Glycogen Synthase Kinase-3 Inhibitors Reverse Deficits in Long-term Potentiation and Cognition in Fragile X Mice

Background: Identifying feasible therapeutic interventions is crucial for ameliorating the intellectual disability and other afflictions of fragile X syndrome (FXS), the most common inherited cause of intellectual disability and autism. Hippocampal glycogen synthase kinase-3 (GSK3) is hyperactive in the mouse model of FXS (FX mice), and hyperactive GSK3 promotes locomotor hyperactivity and audiogenic seizure susceptibility in FX mice, raising the possibility that specific GSK3 inhibitors may improve cognitive processes.
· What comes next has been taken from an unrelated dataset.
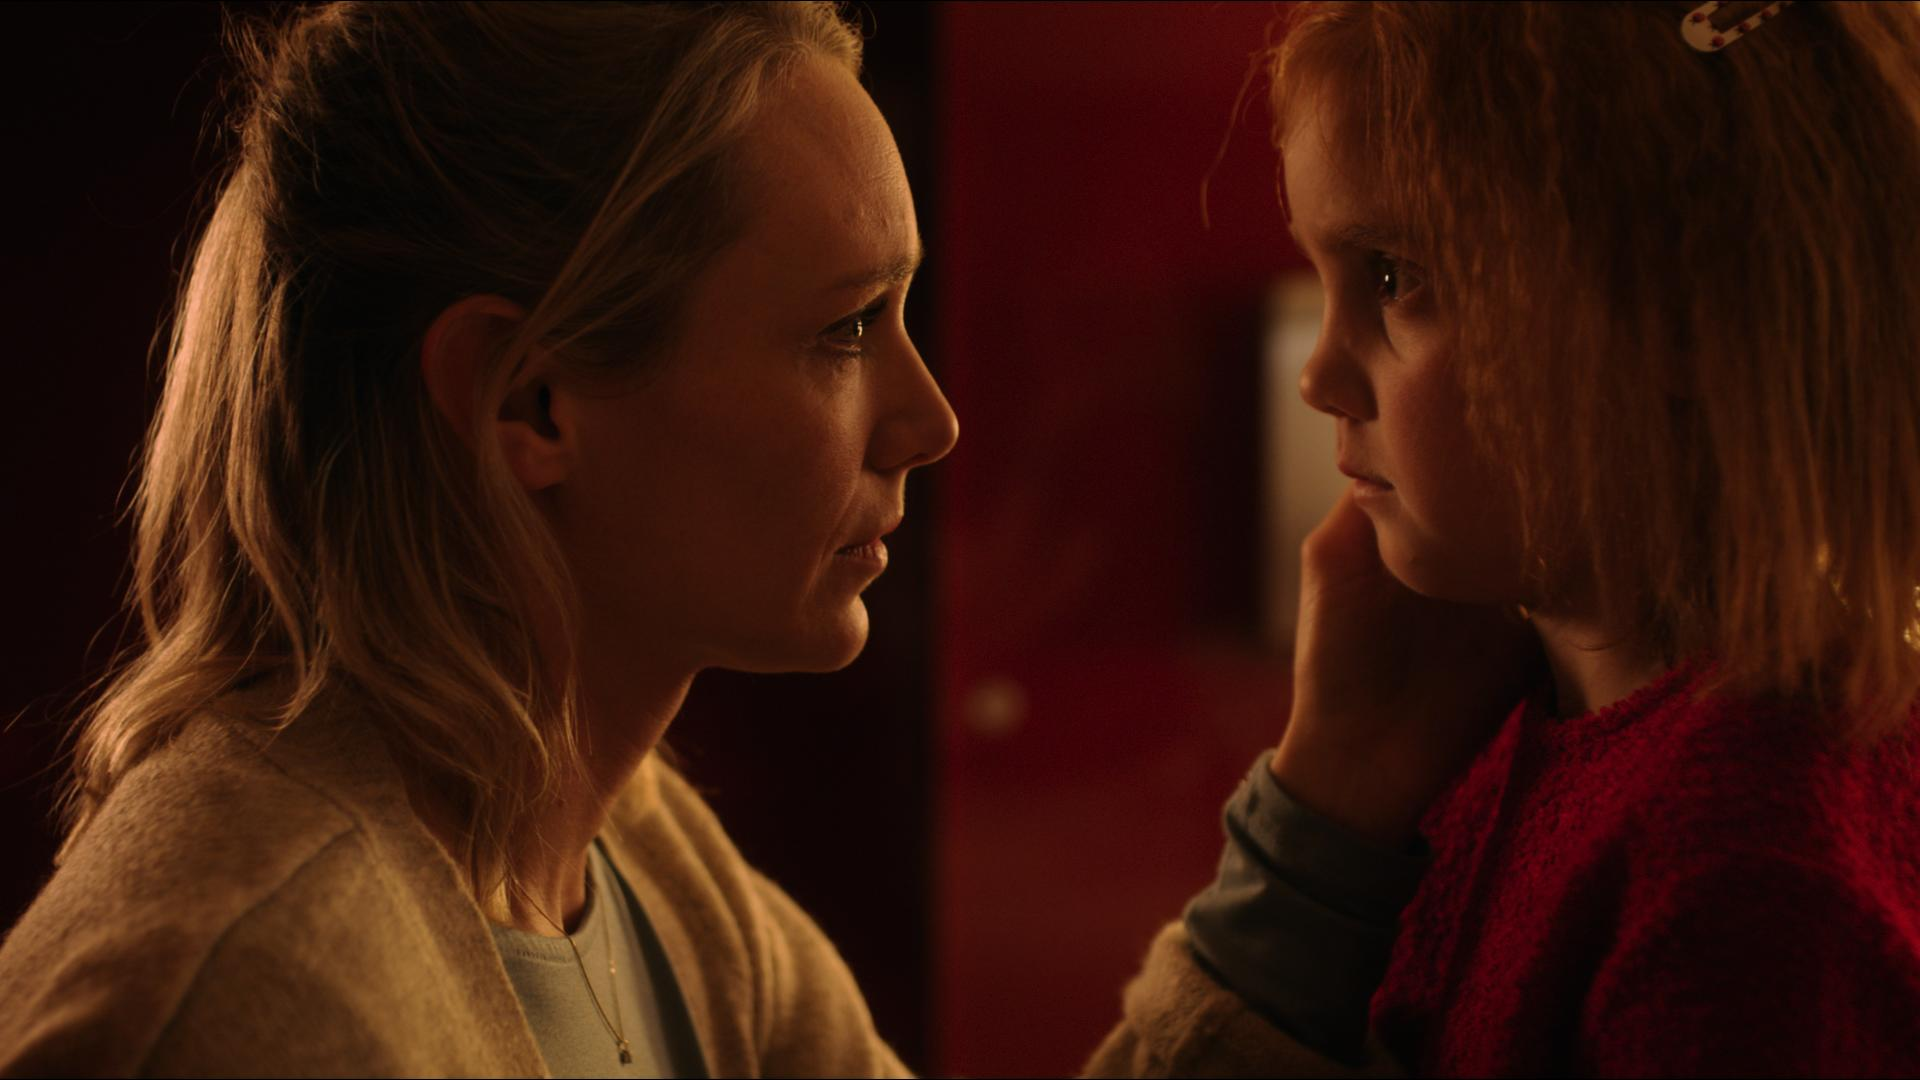 Sophie van Winden wint op Catacumba Film Festivcal - Sophie van Winden is op het Catacumba Film Festival bij Valencia uitgeroepen tot Beste Actrice voor haar rol in de korte film Kind. Kijk op de website voor meer informatie: https://bit.ly/2RAYtQe

Methods: We tested if specific GSK3 inhibitors improve deficits in N-methyl-D-aspartate receptor-dependent long-term potentiation at medial perforant path synapses onto dentate granule cells and dentate gyrus-dependent cognitive behavioral tasks. Results: GSK3 inhibitors completely rescued deficits in long-term potentiation at medial perforant path-dentate granule cells synapses in FX mice. Furthermore, synaptosomes from the dentate gyrus of FX mice displayed decreased inhibitory serine-phosphorylation of GSK3 beta compared with wild-type littermates. The potential therapeutic utility of GSK3 inhibitors was further tested on dentate gyrus-dependent cognitive behaviors. In vivo administration of GSK3 inhibitors completely reversed impairments in several cognitive tasks in FX mice, including novel object detection, coordinate and categorical spatial processing, and temporal ordering for visual objects. Conclusions: These findings establish that synaptic plasticity and cognitive deficits in FX mice can be improved by intervention with inhibitors of GSK3, which may prove therapeutically beneficial in FXS.